Establishing the Foundations

After graduating from college, I gained experience in the non-profit world through two organizations. Both organizations taught me how quickly a practice can become chaotic when the foundation itself is shaky. No workers' manuals, no official non-profit certification, no board members, no website, no social media. At both organizations, I built all of the social media pages from scratch. Eventually, I was able to see the official processes such as creating a board and assigning roles, taking steps for 501(c)(3) status certification, grant writing, drafting mission statements and bios for brochures. Since then, I have begun brainstorming ideas for my practice when for when I take all of the same steps.

Navigating the Challenges

Partners

My partners, for better or worse, will include my family members.My 16-year old sister also aspires to become an immigration attorney, while my 21-year old brother is studying business administration to run our finances. As the organization grows, I envision my other partners all being immigrants or children of immigrants themselves, BIPOC, first-gen, from the South, and/or queer. Having said this, one of my biggest lessons at my last organization, came from seeing the co-founding team of three good friends dissolve and learning right before my eyes the importance of choosing your partners. I am still learning how to anticipate and prepare for potential issues in the future.

Funding

Luckily, finding clientele will not be an issue. My biggest issue is figuring out how to do the work without charging clients for the services but still making enough money to run the business with adequate pay and insurance benefits to all employees. I will not be given a $1 million fund to kickstart this organization the way the co-founders of my last organization were. However, for that organization, I created a "Funding Sources" spreadsheet with every relevant grant and donor application I could find. I knew I could broaden the scope since we covered immigration law, criminal law, and labor law but also focused a lot of our efforts on educating community members and other advocates. The greatest challenge, however, was finding sources that would not ask us to comprise our values or goals; they had to be able to see the vision. This is the process I expect to once again go through to kickstart the organization. Apart from grant writing, I am at a loss on how to create more funds. While I know I will have an attorney salary post-graduation and that I have skills doing written and live translations, and I have worked a number of "side-hustle" jobs, but nothing seems enough for the amount of money I will need to kickstart this practice.

An excellent start. When I offer Planning Your Practice next, in fall '23 we could work together on perfecting this very promising plan.

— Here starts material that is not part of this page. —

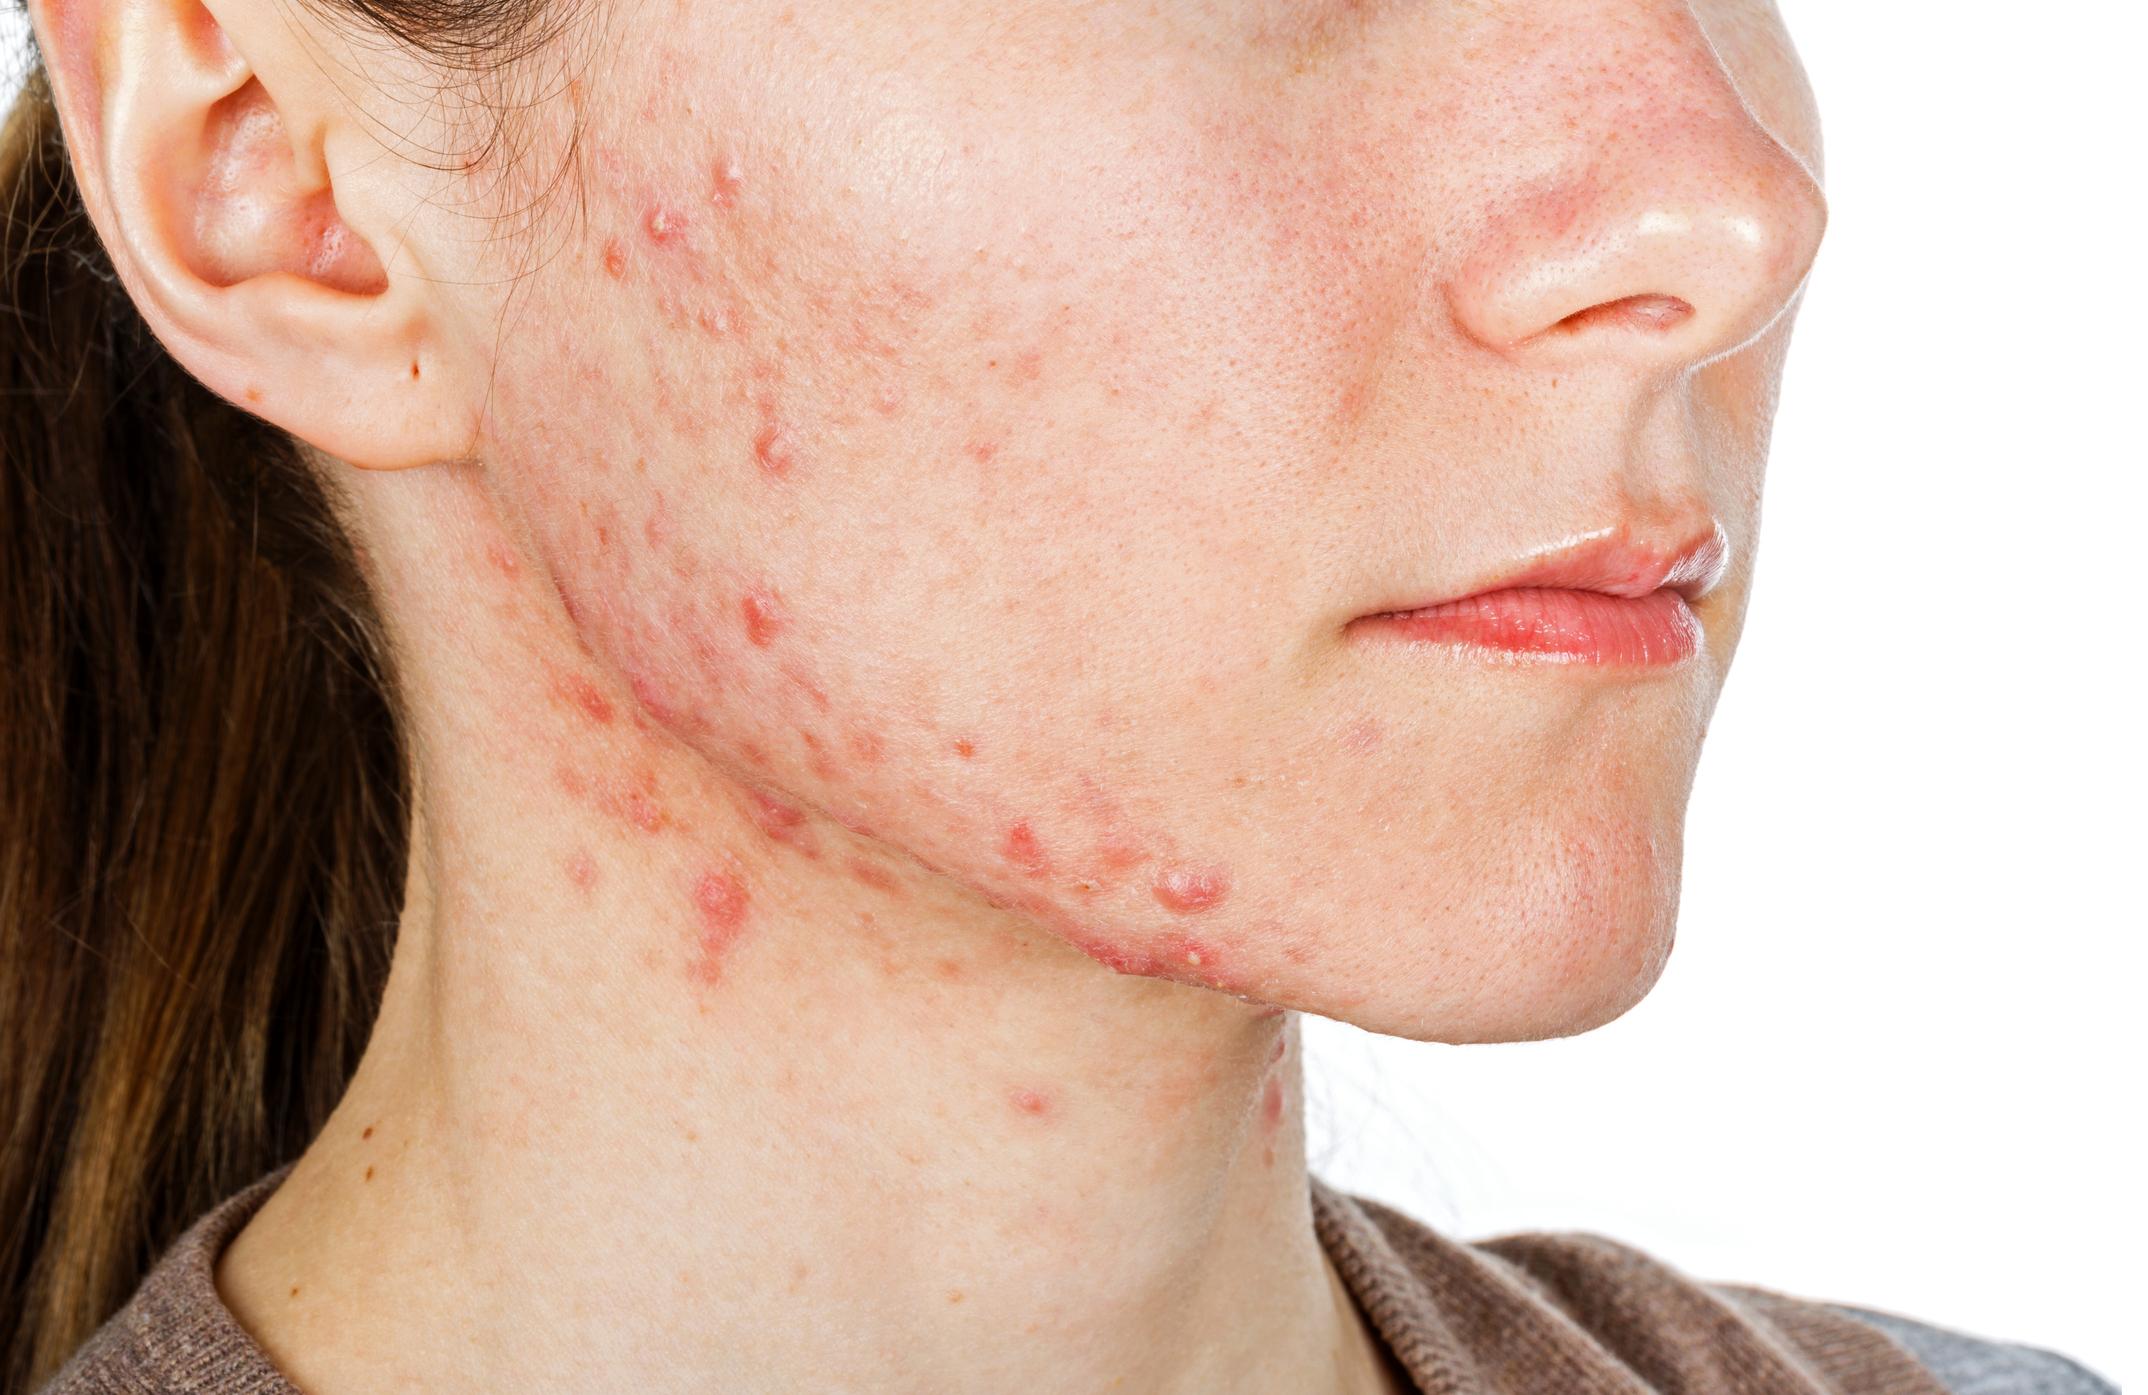 Gesicht verhornungsstörung Hautverhornung: Keratose:

The best route to improvement is to remove the past and concentrate on the future. The most important things to write down are the things you don't know. Framing good, basic questions is the most valuable skill you have right now. Let's use the next draft to start unearthing and investigating those questions. One, how to think about running a family practice, is already evident. But there are certainly more given your perceptive and long-maturing account.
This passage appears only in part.